During the performance, singer Jarvis Cocker ran onstage without permission, lifted his shirt and pretended to break wind, before giving Jackson the V sign. Cocker was there with his band Pulp, who had been nominated for three Brit awards. He was questioned by police over claims he had assaulted some of the child performers. A video provided by an undentified source showed that it was one of Jackson's crew who had barged into the children, not Cocker, and the charges of assault were dropped.
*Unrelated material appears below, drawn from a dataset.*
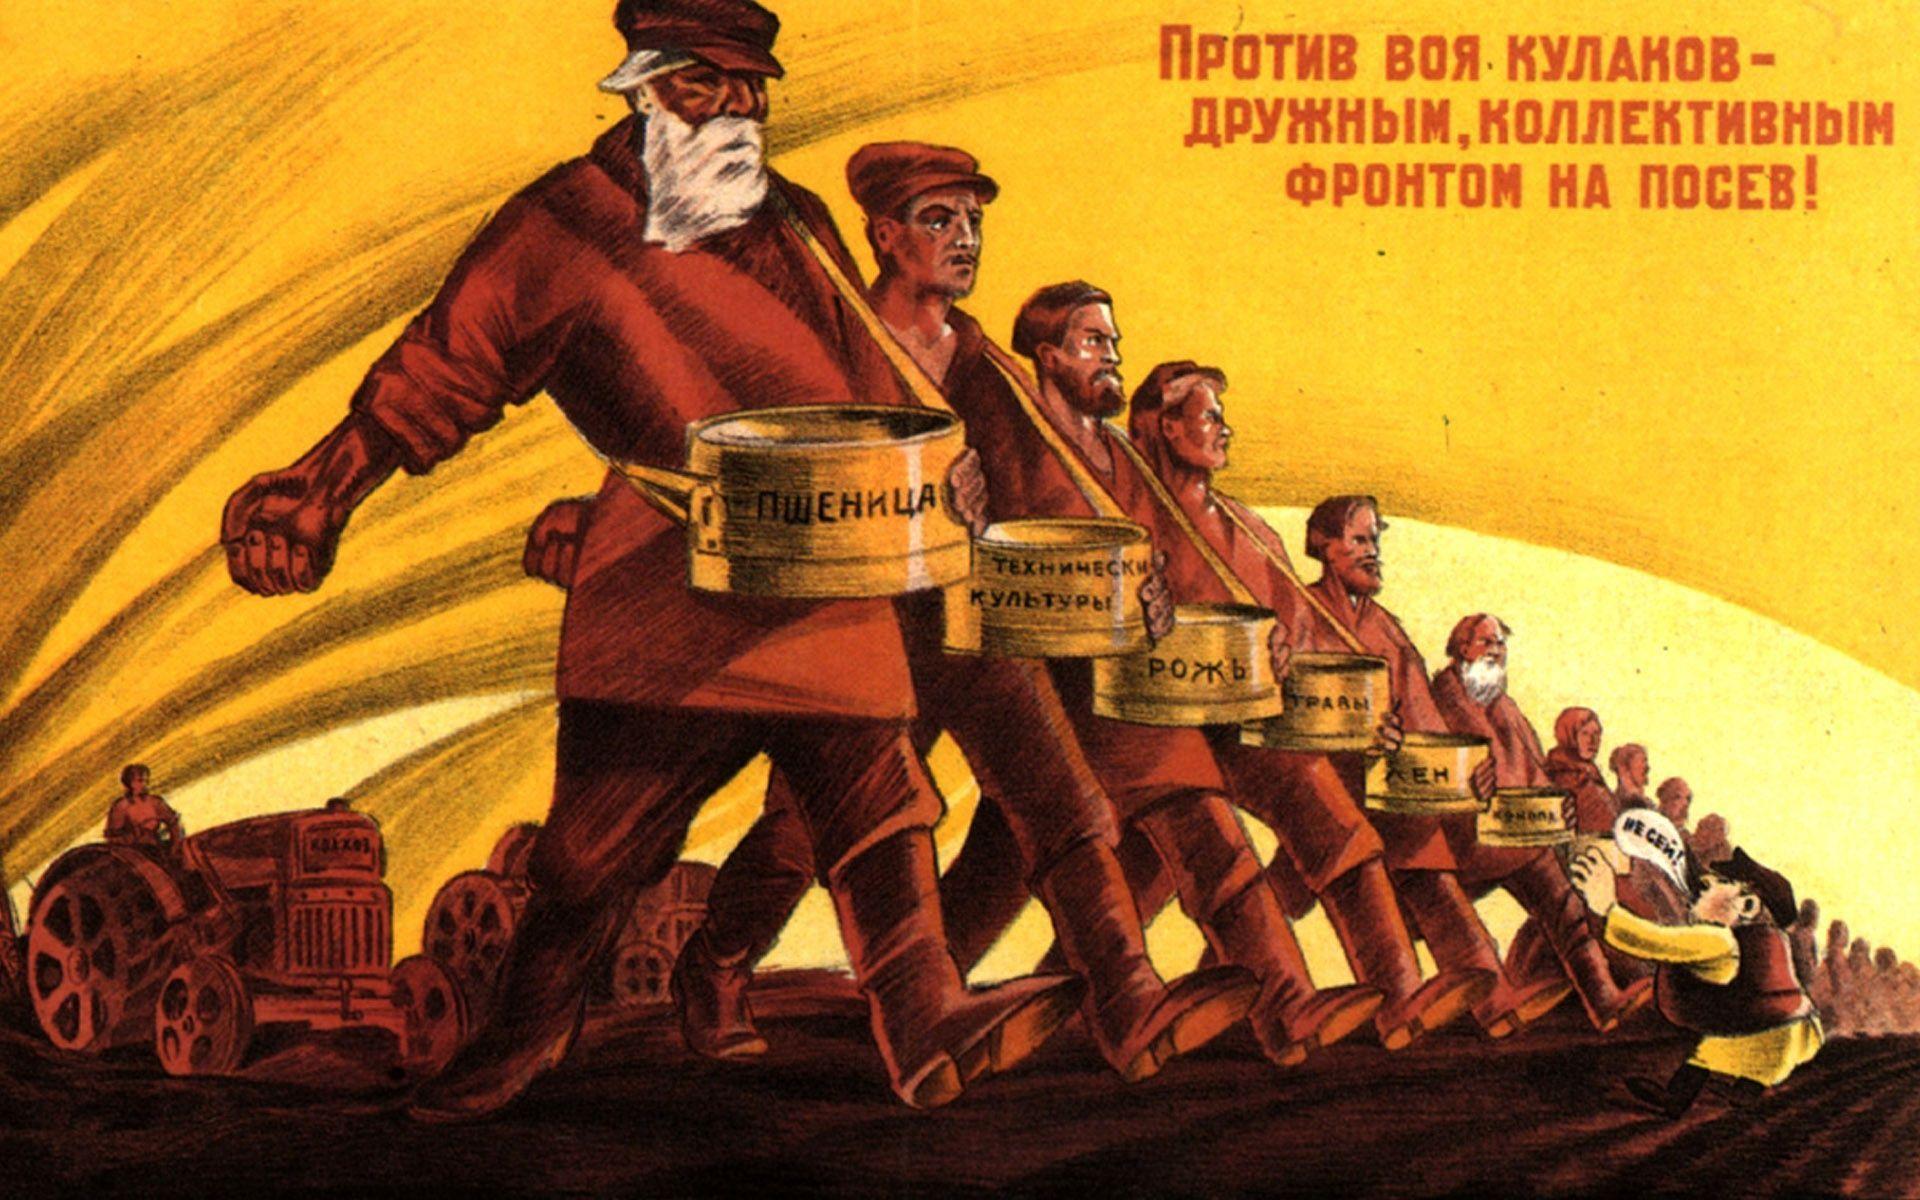 Soviet wallpaper in full HD it&;s Russia

Cocker said that he found the performance offensive, claiming that Jackson had portrayed himself as Christ-like and could do as he pleased because of his immense wealth and power. However, he clarified that his actions weren't personally against Jackson himself, just the performance. He stated that he admired Jackson as a performer, proclaiming that: "He can dance, [...] anybody who invents the moonwalk is alright by me". Jackson condemned Cocker's behavior as "disgusting and cowardly". The incident is referred to in the book Politics and Popular Culture by John Street, Professor of Politics at the University of East Anglia. He says:

But to read popular culture as a straight-forward – or at least typical – political text is to take a very narrow view of its meaning, and hence of its political message(s). As we have noted, the text's meaning will depend on how it is heard and read. Michael Jackson may have intended his "Earth Song" as an exercise in compassion; others – like Jarvis Cocker – saw it quite differently. One reason these alternative readings emerge is because of the way the performance of popular culture engages more than a literal text, it employs gestures and symbols, tones of voice, looks and glances, all of which might tell a different story.
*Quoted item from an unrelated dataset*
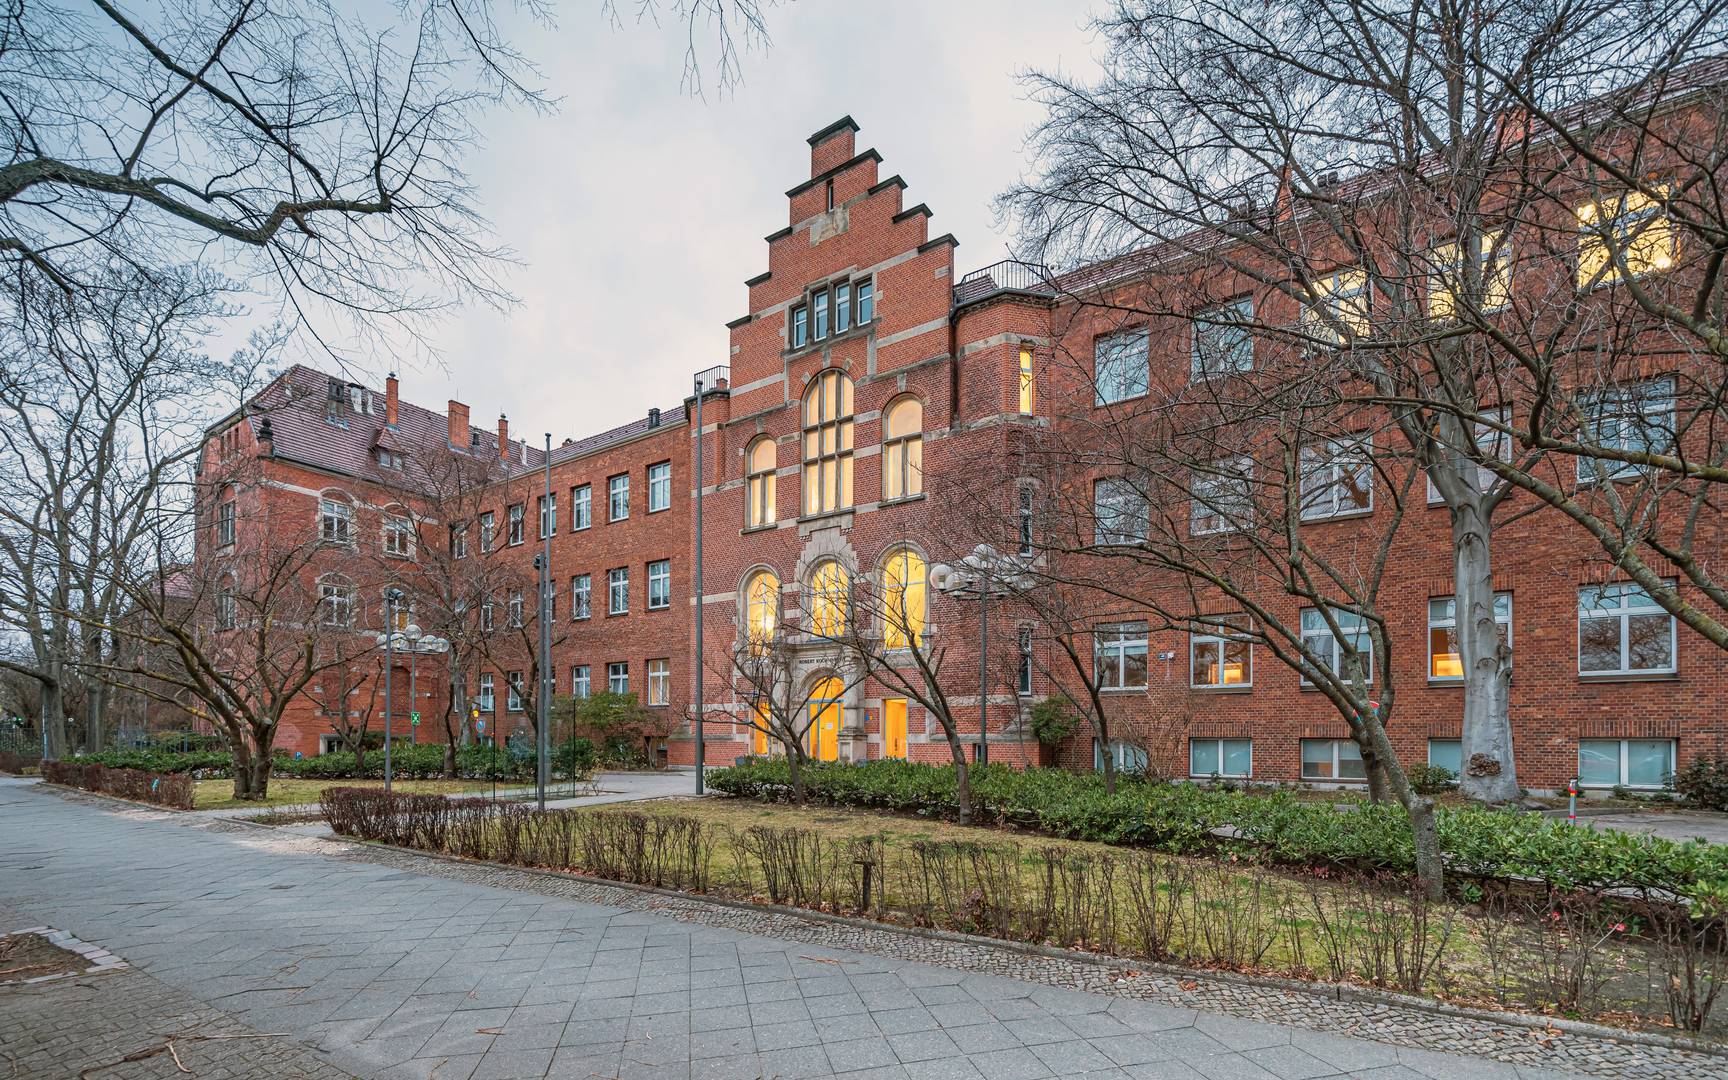 Здание Института им. Роберта Коха в Веддинге, Берлин, Германия. 2021

Despite his dislike of Jackson's Brit Awards performance, in a 2012 interview with The Guardian Cocker said he was still a fan of 'Earth Song': “It is a right good song, obviously".

2010 Grammy Awards performance
The song, along with a 3-D short film that was to be featured in Jackson's series of comeback concerts This Is It was performed as a tribute to Jackson. Jennifer Hudson, Carrie Underwood, Smokey Robinson, Celine Dion and Usher all sang the song together, while the video played in the background. The film was shown in its original 3-D format during the broadcast.

Target provided free 3-D glasses to customers a week before the Grammy Awards. Paris and Prince Jackson, Jackson's oldest children, appeared shortly after the performance to accept Jackson's Lifetime Achievement Award, where they both gave a short speech. This was the first time the children had spoken publicly since the memorial service that was held for Jackson on July 7, 2009.

Music video

The music video for "Earth Song", directed by fine art photographer Nick Brandt, was expensive and well-received; it gained the 1995 Doris Day Music Award at the Genesis Awards and a Grammy nomination for Best Music Video, Short Form in 1997. The production had an environmental theme, showing images of animal cruelty, deforestation, pollution, poaching,  poverty and war. Jackson and the world's people unite in a spiritual chant—"Earth Song"—which summons a force that heals the world. Using special effects, time is reversed so that life returns, war ends and the forests regrow. The video closes with a request for donations to Jackson's Heal the World Foundation. The clip was shown infrequently in the United States.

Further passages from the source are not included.